### Your assignment
Repeat the span of the entries below that starts at the line with "USS RAINIER AOE 7 BOX FRAMED CANVAS ART BLUE" and ends at the line with "(15/05/24) 50-CPSM BARFLEUR - Barfleur", nothing more. Skip the pictures.
══ Given information ══
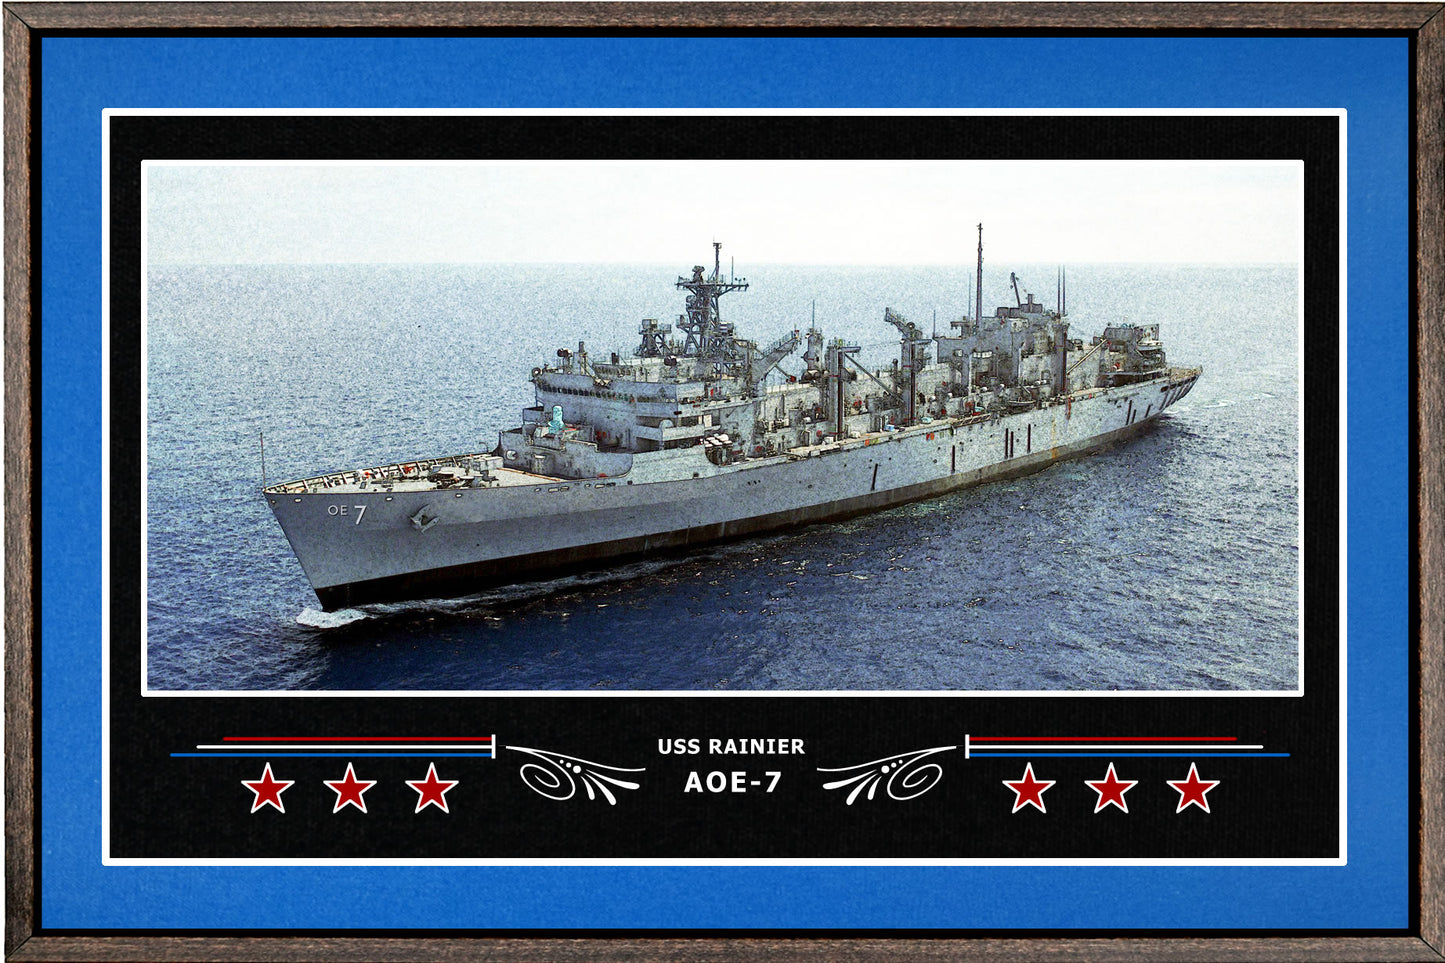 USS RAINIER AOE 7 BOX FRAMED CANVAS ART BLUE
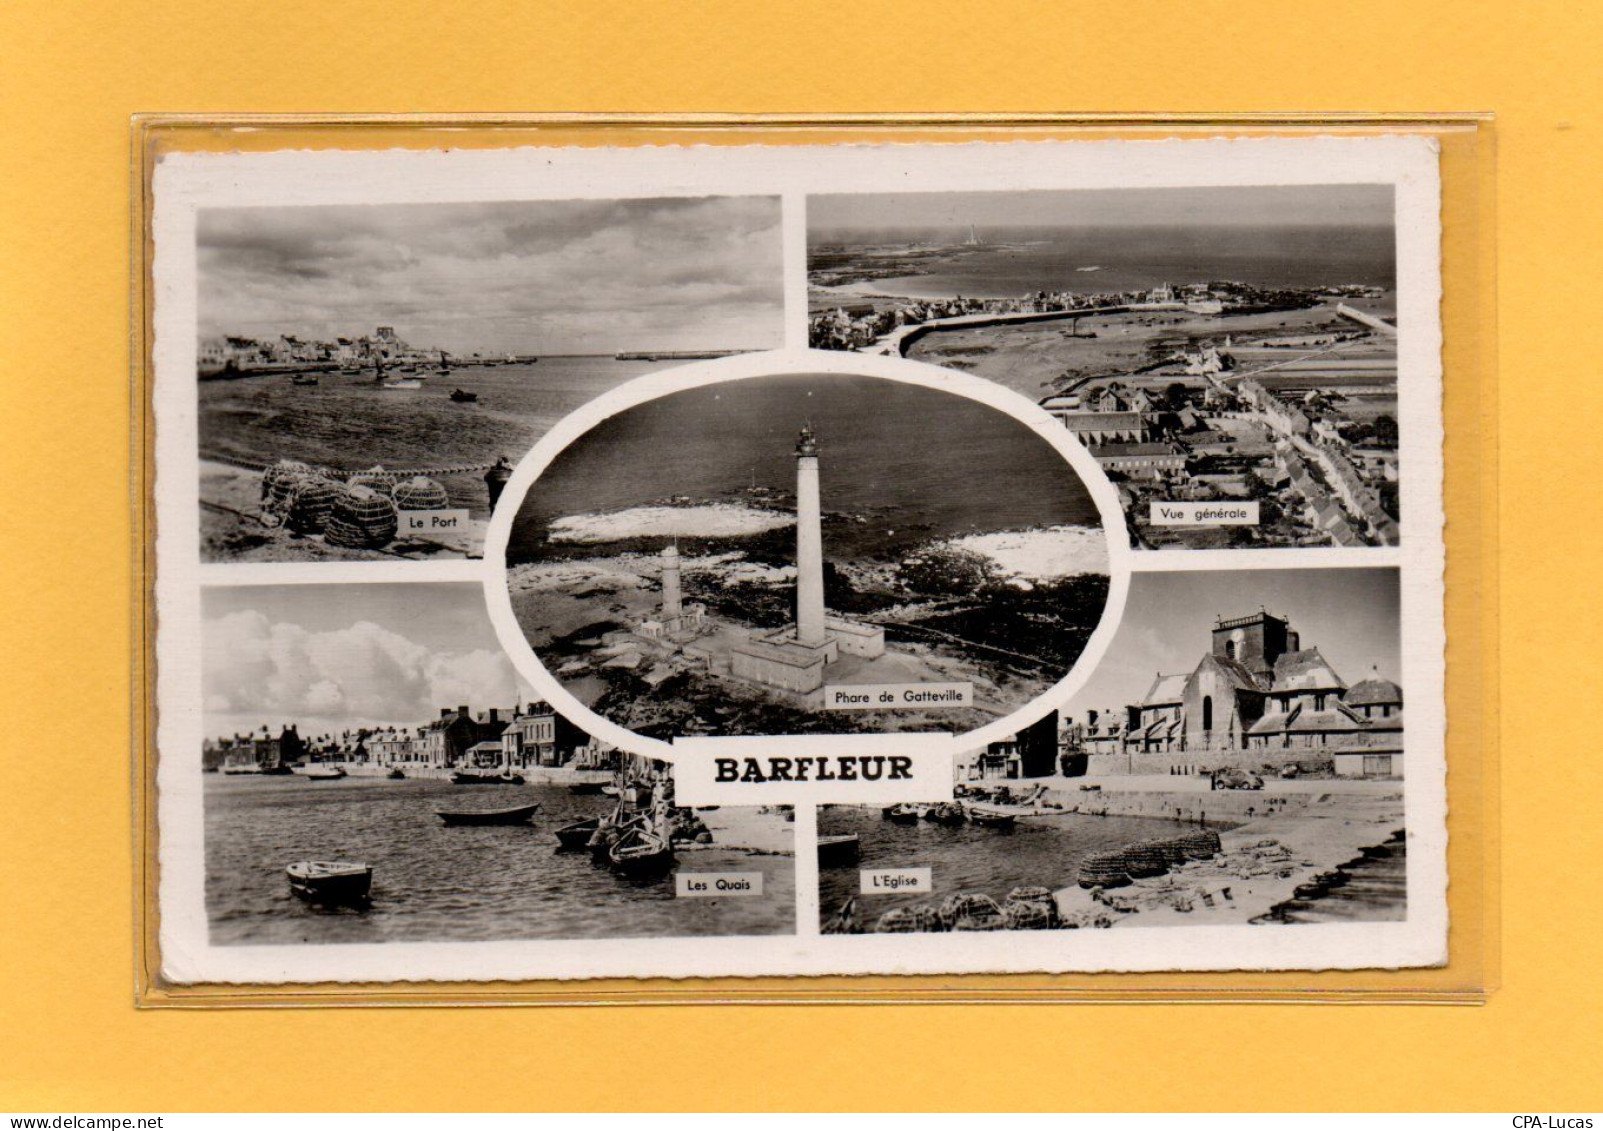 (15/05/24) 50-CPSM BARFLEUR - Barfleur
═══
══ Given information ══
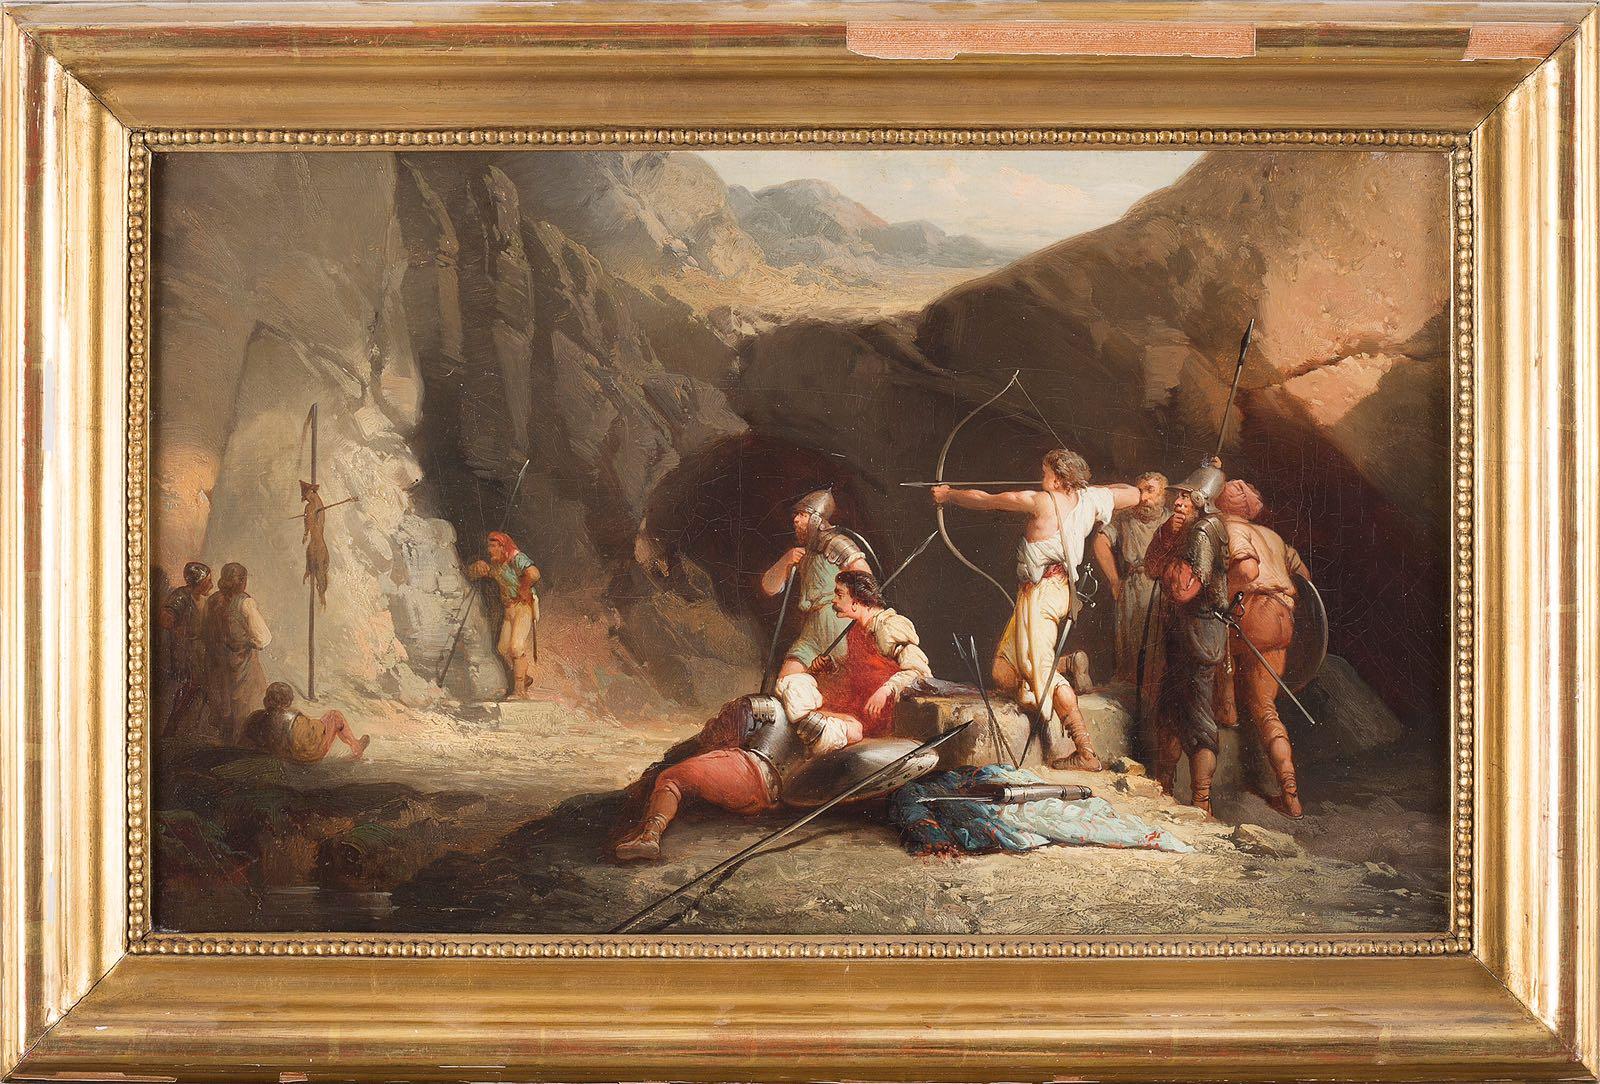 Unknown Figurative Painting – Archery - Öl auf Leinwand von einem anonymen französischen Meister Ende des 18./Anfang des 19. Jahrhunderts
═══
### Exercise output
 USS RAINIER AOE 7 BOX FRAMED CANVAS ART BLUE
 (15/05/24) 50-CPSM BARFLEUR - Barfleur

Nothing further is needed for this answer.